● EXERCISE PROMPT
Everything from the line holding "Chất giọng đẹp" through the final line of the entries below is to be written out exactly, and nothing more; leave out pictures.

━━━━━ THE DATA ━━━━━

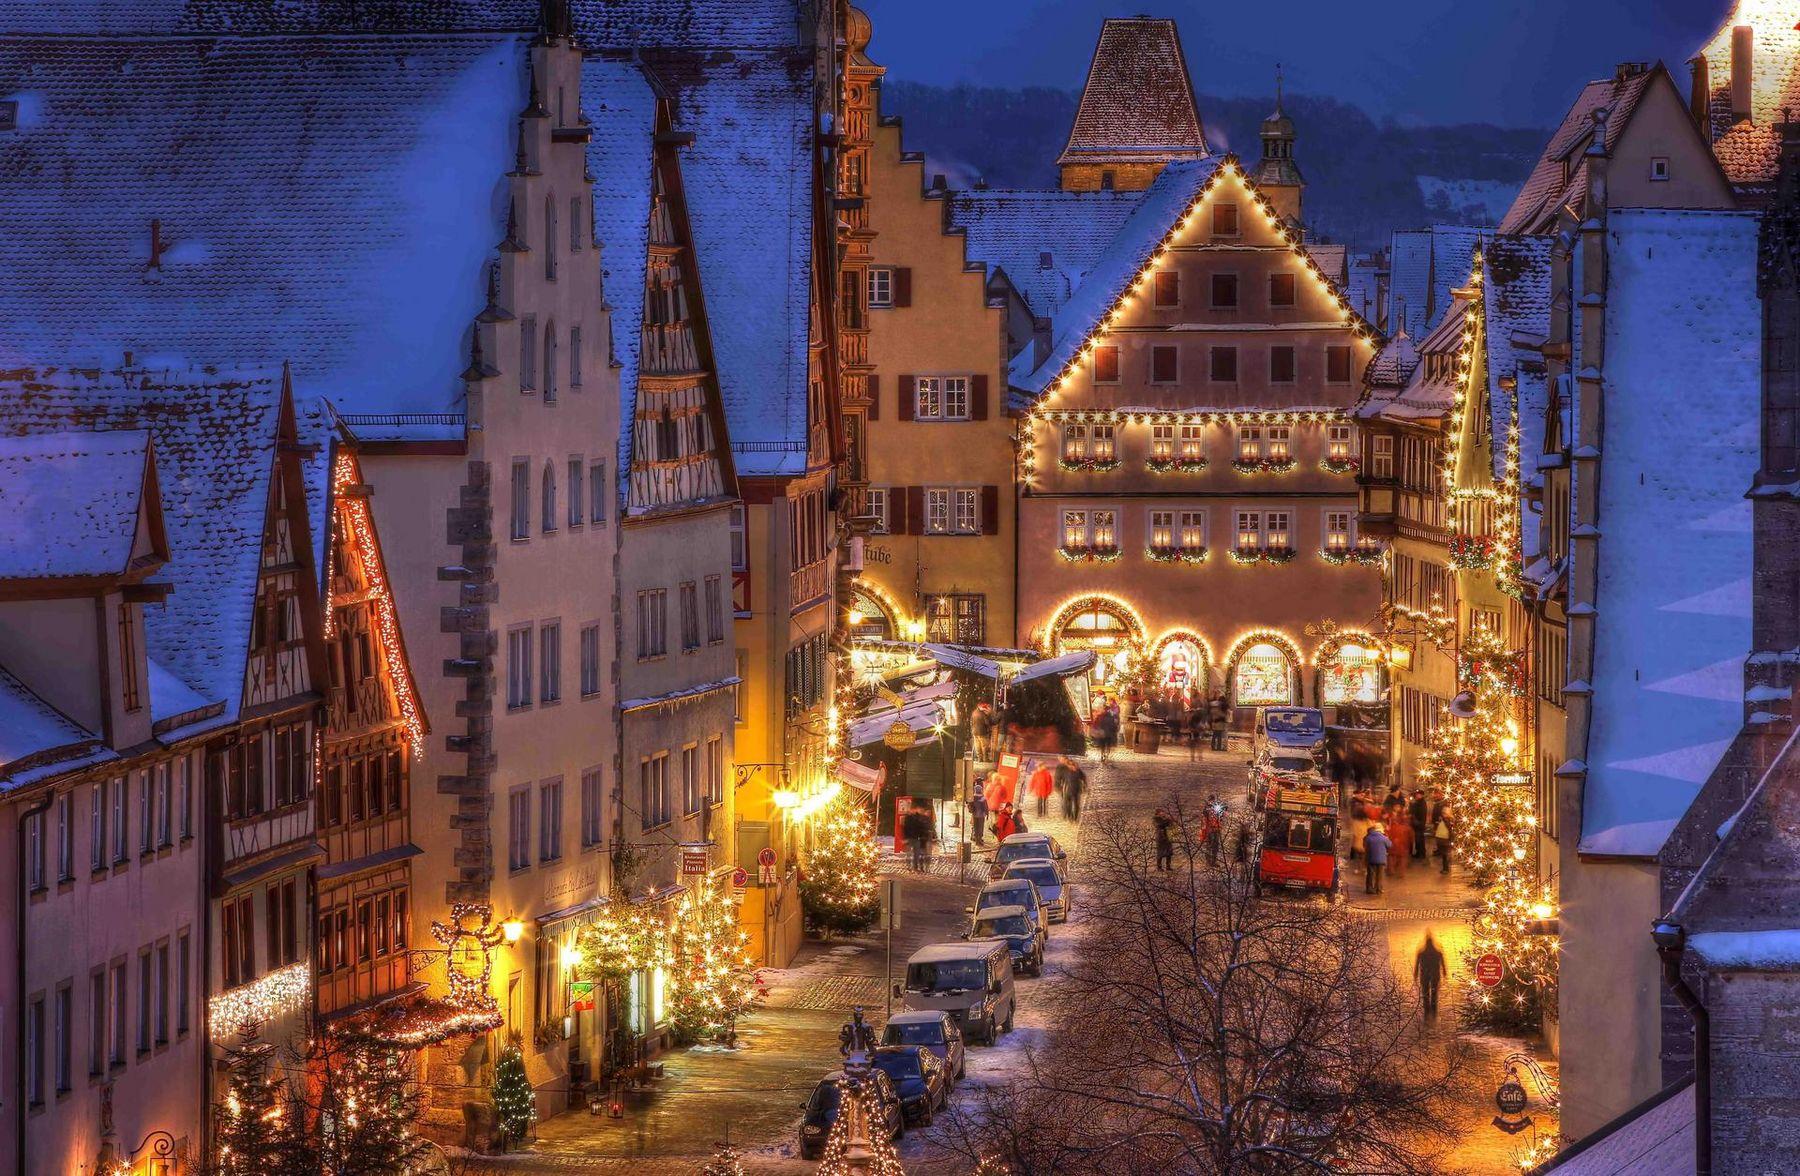 Rothenburg Tourismus Service WP klein RTS315 Kopie
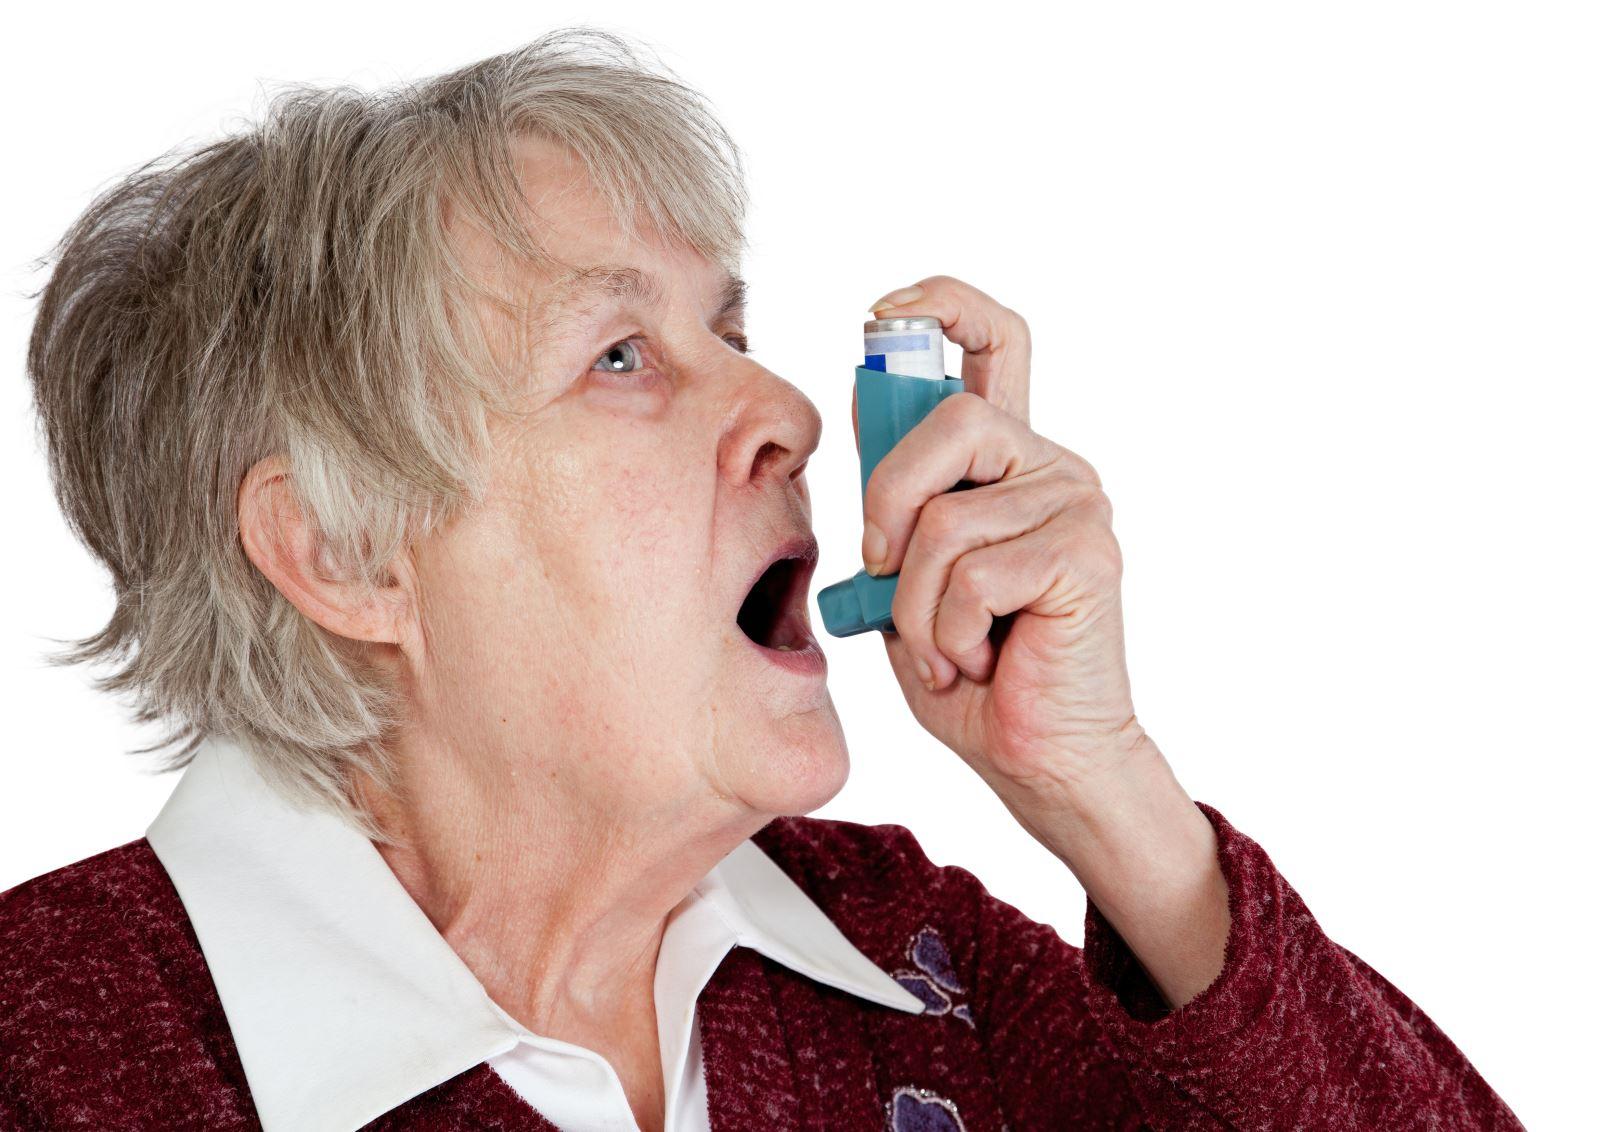 Лечение бронхиальной астмы народными средствами в домашних условиях
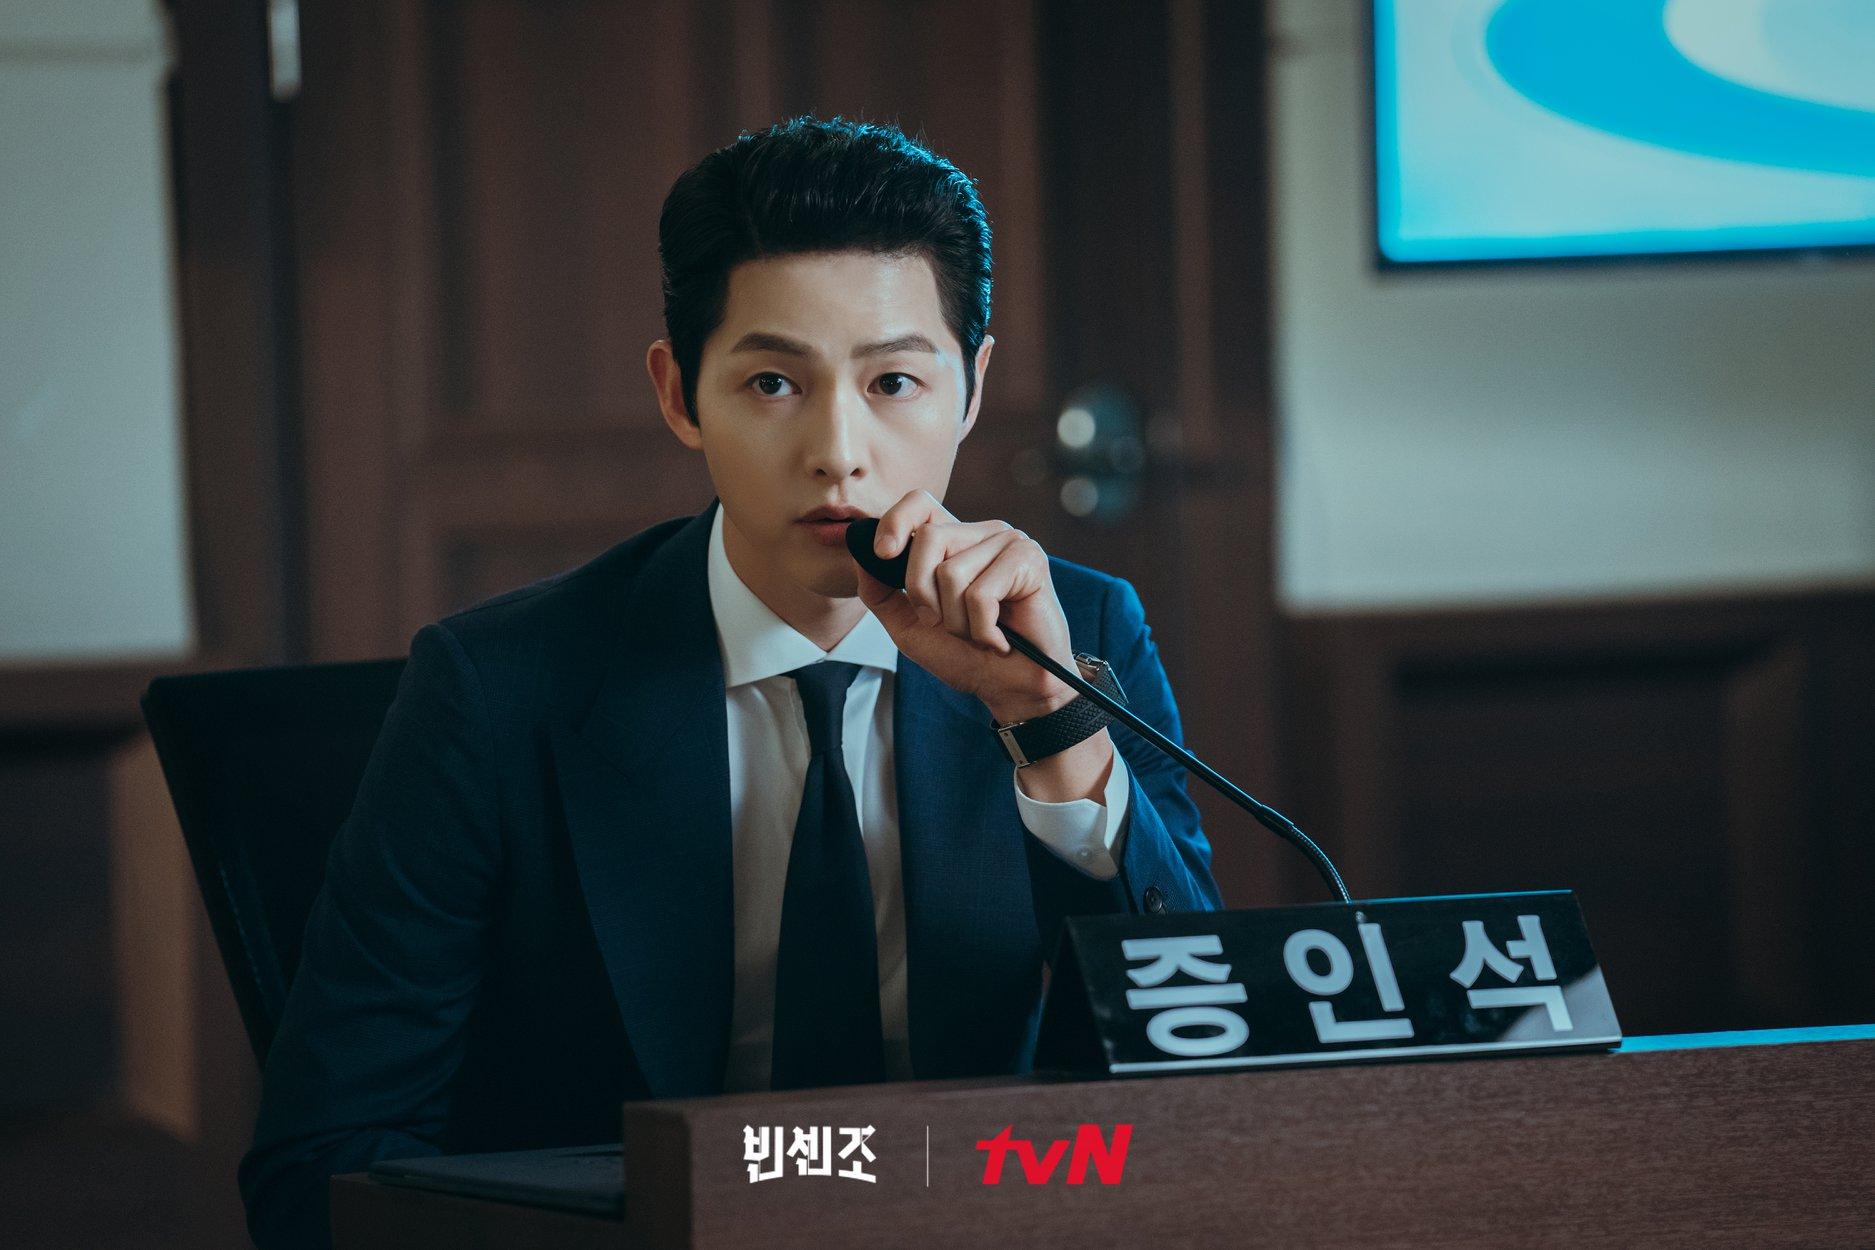 Chất giọng đẹp được Song Joong Ki thể hiện trong Vincenzo
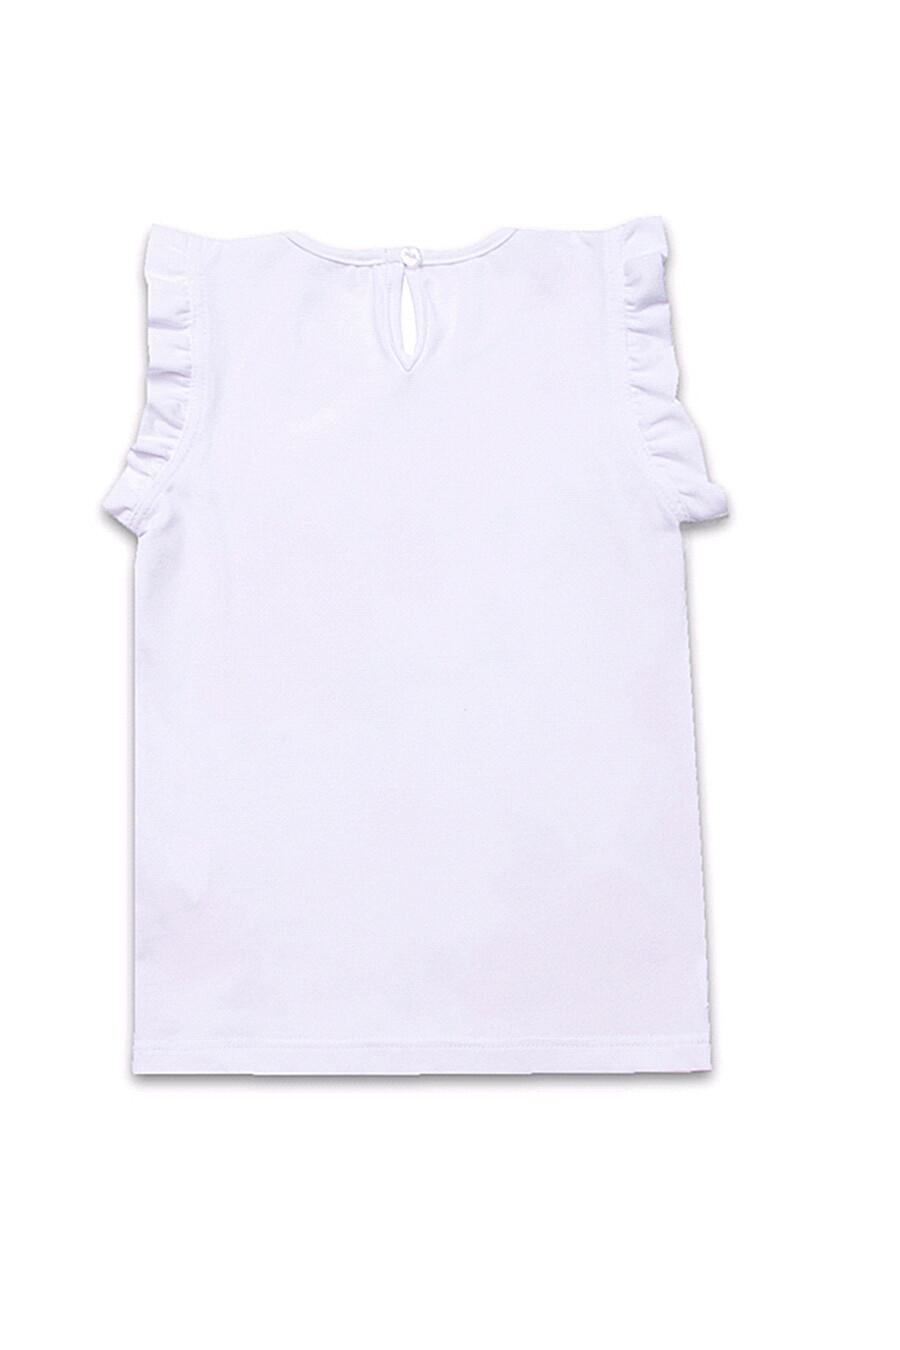 Топ  для девочек АПРЕЛЬ 699968 купить оптом от производителя. Совместная покупка детской одежды в OptMoyo
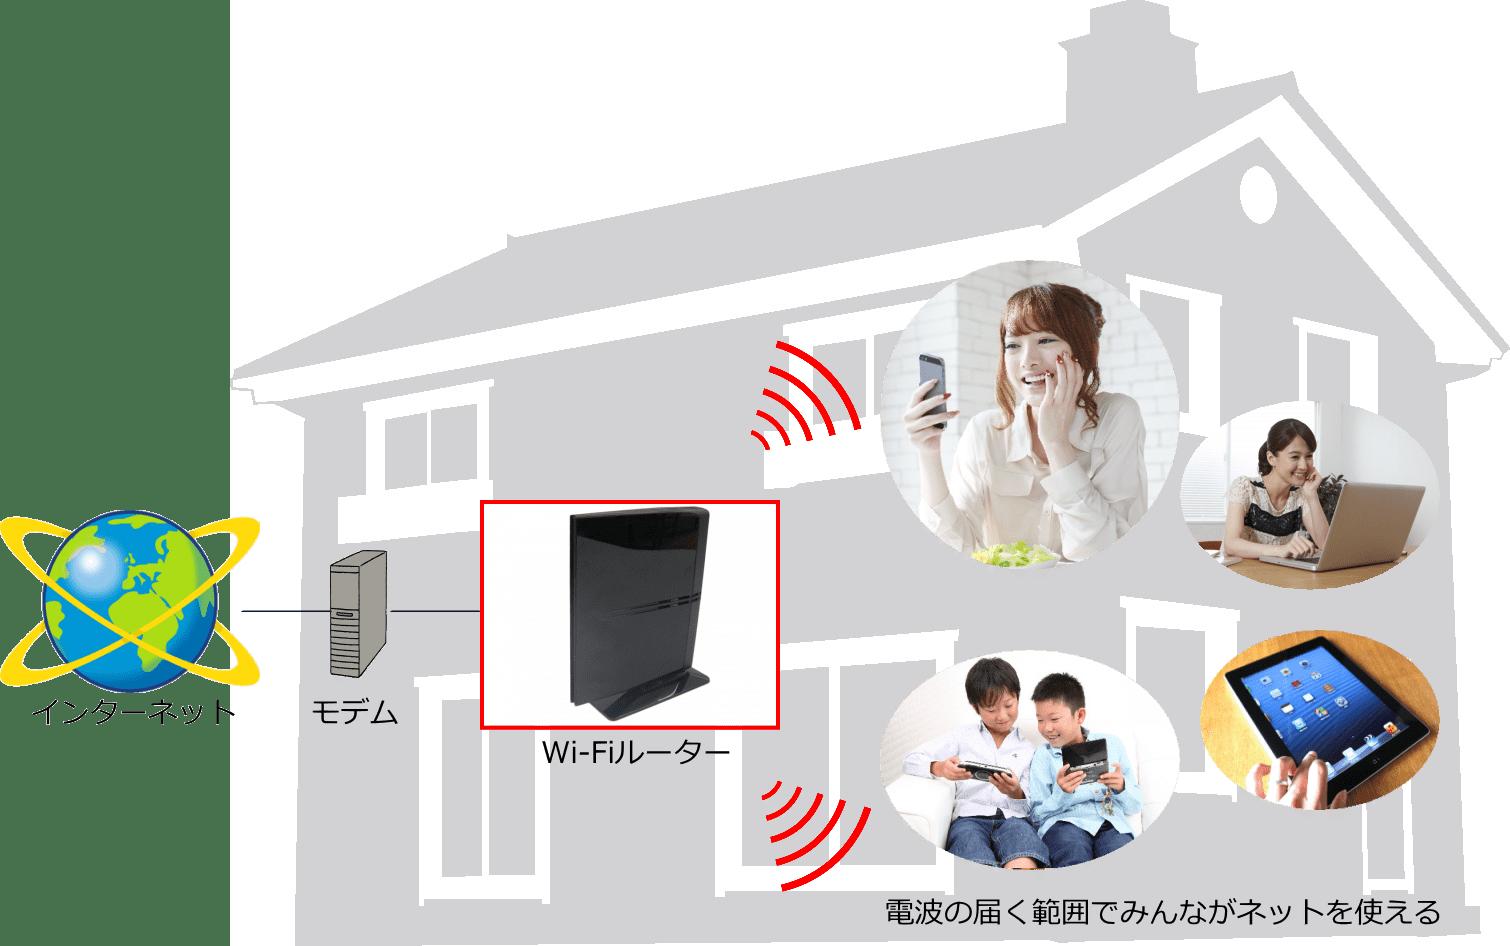 Wi-Fiルータがあれば電波の届く範囲でネットが使える

━━━━━

● ANSWER AREA
 Chất giọng đẹp được Song Joong Ki thể hiện trong Vincenzo
 Топ  для девочек АПРЕЛЬ 699968 купить оптом от производителя. Совместная покупка детской одежды в OptMoyo
 Wi-Fiルータがあれば電波の届く範囲でネットが使える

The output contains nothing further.